1. avatar says

    Yep, I understand the reason why you put long-term assets at a special category due to the advance payment to purchase those assets. And then, we just deduct the cost by using depreciation method so there’s nothing change with cash. However how to solve “Prepayment”. This account has the same procedure as long-term assets, hasn’t it? Should I put the expense of the year which is deducted from prepayment next to depreciation in Cash flow statement and use the amount of cash we recently credit to debit prepayment instead of the gap between two years to calculate the cash change ?

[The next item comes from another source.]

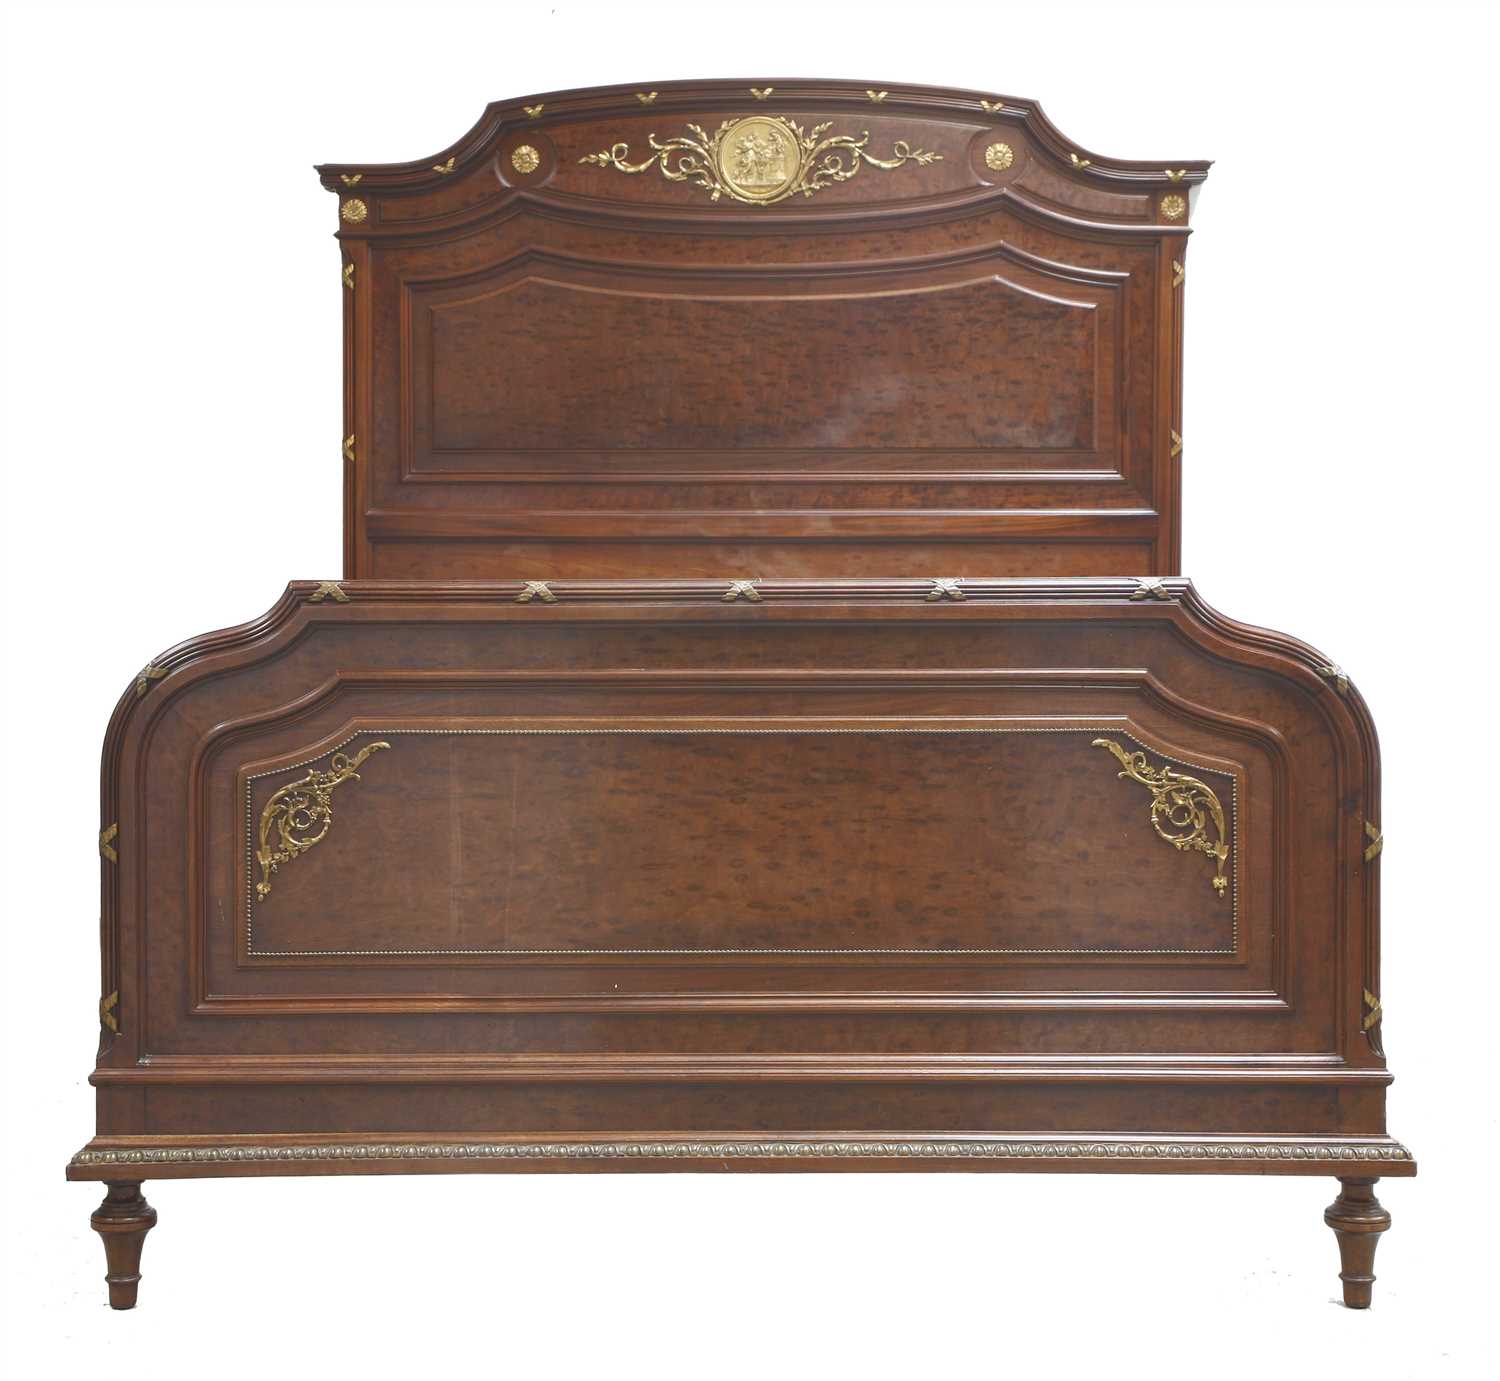 Lot 273 - A French plum pudding mahogany double bed

    • Avatar of johnmoffat says

      Prepayments are dealt with in exactly the same way as receivables. The change over the year is added to or subtracted from the accounting profit in order to arrive at the cash generated from operations.

      • avatar says

        Thank you very much :) Besides, There is a difference between the ACCA F3 paper and your lecture. In the paper Interest expense is stated in the category “Adjustment for” but in your lecture it is not. Is it a mistake of printing? Or just this example doesn’t need it? Thank you :)

      • Avatar of johnmoffat says

        You can either start with the profit before tax and then immediately add back the interest expense, or you can start with the profit before interest and tax – both end up exactly the same.
        Whichever you do, the interest paid is subtracted at the end (along with dividends paid and tax paid) to get the cash generated from operating activities.

  2. avatar says

    Hi, my first comment ever on this website.

    How would i account for deferred tax, if it appears in the income statement and in NCL? would i approach it the same way Tax liabilities was approached ( T accounts method) in this video?